> **WHAT IS REQUIRED**
Among the records that follow, find the line with "ダイヤモンド ブルートパーズ アイオライト" and the line with "Großzügig Gartenstühle Metall". Set down those lines and all lines between them exactly, without adding anything.

::: EXERCISE DATA

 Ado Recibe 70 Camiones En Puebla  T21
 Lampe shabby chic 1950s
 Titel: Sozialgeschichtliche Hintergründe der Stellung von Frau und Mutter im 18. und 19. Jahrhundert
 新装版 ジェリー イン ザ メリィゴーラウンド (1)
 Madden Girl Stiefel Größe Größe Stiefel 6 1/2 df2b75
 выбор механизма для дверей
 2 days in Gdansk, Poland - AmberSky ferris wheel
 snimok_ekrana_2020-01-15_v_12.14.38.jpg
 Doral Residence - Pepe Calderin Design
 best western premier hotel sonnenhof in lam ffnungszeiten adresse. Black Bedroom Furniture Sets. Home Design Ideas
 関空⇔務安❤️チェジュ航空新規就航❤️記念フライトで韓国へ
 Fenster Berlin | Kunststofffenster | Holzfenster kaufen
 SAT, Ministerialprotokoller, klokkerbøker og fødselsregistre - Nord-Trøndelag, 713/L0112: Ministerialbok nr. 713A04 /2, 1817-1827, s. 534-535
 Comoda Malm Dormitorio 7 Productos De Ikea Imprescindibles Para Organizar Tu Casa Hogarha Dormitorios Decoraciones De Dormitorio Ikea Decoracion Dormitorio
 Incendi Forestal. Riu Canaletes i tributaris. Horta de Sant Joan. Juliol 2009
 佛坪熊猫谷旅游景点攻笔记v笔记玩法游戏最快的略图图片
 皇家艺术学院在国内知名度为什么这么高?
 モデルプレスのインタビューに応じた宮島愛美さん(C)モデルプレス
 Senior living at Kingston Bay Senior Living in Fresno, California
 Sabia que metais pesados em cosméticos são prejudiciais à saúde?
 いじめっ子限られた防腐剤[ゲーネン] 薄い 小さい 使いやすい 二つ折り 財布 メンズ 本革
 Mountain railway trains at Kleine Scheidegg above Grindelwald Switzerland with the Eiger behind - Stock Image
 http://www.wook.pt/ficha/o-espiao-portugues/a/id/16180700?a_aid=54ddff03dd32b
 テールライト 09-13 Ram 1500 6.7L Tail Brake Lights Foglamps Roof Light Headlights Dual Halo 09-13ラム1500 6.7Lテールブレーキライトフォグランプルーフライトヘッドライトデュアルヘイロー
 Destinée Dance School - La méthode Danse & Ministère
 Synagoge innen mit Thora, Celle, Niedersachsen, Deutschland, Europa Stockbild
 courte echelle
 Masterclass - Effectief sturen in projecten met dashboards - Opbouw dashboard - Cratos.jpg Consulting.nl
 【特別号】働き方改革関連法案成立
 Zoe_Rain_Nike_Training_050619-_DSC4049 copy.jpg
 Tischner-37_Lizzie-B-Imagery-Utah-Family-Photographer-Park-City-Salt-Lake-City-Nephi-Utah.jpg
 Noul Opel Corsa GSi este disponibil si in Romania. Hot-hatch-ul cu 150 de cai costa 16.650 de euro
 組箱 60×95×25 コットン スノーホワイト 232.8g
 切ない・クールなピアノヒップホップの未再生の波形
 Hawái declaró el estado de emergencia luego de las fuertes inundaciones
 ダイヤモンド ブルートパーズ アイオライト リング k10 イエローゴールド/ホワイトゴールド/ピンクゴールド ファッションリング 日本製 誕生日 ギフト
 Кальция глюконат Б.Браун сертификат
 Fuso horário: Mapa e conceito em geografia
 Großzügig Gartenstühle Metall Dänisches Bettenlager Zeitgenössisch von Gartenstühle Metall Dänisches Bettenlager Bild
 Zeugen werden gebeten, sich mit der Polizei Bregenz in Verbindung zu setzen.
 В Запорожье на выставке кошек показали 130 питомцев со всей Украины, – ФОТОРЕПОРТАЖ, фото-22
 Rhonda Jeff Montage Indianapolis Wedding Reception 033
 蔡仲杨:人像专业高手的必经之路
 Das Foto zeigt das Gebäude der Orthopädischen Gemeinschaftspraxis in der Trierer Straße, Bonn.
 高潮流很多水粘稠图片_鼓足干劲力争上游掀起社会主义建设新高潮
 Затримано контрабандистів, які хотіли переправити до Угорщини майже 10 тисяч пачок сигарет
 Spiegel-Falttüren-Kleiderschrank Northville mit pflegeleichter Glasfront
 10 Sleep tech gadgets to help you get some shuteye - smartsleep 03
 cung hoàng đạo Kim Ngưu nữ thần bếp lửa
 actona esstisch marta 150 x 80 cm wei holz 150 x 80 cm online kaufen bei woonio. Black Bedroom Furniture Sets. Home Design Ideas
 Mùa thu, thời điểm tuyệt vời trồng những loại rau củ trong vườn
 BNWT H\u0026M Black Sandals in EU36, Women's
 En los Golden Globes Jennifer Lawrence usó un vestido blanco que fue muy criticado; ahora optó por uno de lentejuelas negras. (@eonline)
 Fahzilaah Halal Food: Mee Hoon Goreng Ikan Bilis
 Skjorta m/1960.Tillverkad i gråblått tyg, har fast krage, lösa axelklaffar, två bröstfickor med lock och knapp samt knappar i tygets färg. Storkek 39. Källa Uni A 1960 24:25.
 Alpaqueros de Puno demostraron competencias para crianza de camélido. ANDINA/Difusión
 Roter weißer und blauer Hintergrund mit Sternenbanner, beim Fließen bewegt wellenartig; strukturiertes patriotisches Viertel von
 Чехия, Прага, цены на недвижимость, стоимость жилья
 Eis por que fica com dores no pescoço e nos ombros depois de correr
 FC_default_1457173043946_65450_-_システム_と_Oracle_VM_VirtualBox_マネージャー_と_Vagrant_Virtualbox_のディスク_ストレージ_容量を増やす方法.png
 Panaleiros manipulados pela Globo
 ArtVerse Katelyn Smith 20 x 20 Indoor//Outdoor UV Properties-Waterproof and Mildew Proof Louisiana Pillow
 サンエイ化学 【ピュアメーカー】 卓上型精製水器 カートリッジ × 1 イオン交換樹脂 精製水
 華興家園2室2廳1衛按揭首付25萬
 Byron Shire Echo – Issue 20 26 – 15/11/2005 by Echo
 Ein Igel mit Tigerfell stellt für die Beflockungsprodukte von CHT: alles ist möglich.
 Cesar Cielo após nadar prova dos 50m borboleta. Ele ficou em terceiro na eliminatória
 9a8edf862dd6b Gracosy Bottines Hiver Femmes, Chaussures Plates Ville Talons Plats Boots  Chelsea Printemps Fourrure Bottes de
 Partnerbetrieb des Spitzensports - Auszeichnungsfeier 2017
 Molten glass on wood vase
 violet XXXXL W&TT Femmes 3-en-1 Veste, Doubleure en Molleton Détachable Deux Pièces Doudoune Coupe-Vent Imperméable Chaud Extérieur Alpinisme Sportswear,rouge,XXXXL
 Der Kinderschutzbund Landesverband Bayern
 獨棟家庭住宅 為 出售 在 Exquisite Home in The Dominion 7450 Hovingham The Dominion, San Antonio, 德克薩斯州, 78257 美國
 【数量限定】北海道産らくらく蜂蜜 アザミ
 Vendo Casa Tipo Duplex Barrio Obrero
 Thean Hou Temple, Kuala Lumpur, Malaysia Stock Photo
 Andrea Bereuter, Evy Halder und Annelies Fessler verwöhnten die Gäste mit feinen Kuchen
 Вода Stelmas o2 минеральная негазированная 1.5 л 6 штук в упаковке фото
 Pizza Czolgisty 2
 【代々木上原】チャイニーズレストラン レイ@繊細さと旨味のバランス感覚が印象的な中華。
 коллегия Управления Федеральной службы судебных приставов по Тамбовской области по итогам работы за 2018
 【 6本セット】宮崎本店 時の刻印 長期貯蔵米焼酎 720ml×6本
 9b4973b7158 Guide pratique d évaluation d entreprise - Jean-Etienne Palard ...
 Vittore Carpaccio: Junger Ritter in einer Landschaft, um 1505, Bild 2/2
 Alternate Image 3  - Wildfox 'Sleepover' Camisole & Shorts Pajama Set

::::::

> **EXERCISE OUTPUT**
 ダイヤモンド ブルートパーズ アイオライト リング k10 イエローゴールド/ホワイトゴールド/ピンクゴールド ファッションリング 日本製 誕生日 ギフト
 Кальция глюконат Б.Браун сертификат
 Fuso horário: Mapa e conceito em geografia
 Großzügig Gartenstühle Metall Dänisches Bettenlager Zeitgenössisch von Gartenstühle Metall Dänisches Bettenlager Bild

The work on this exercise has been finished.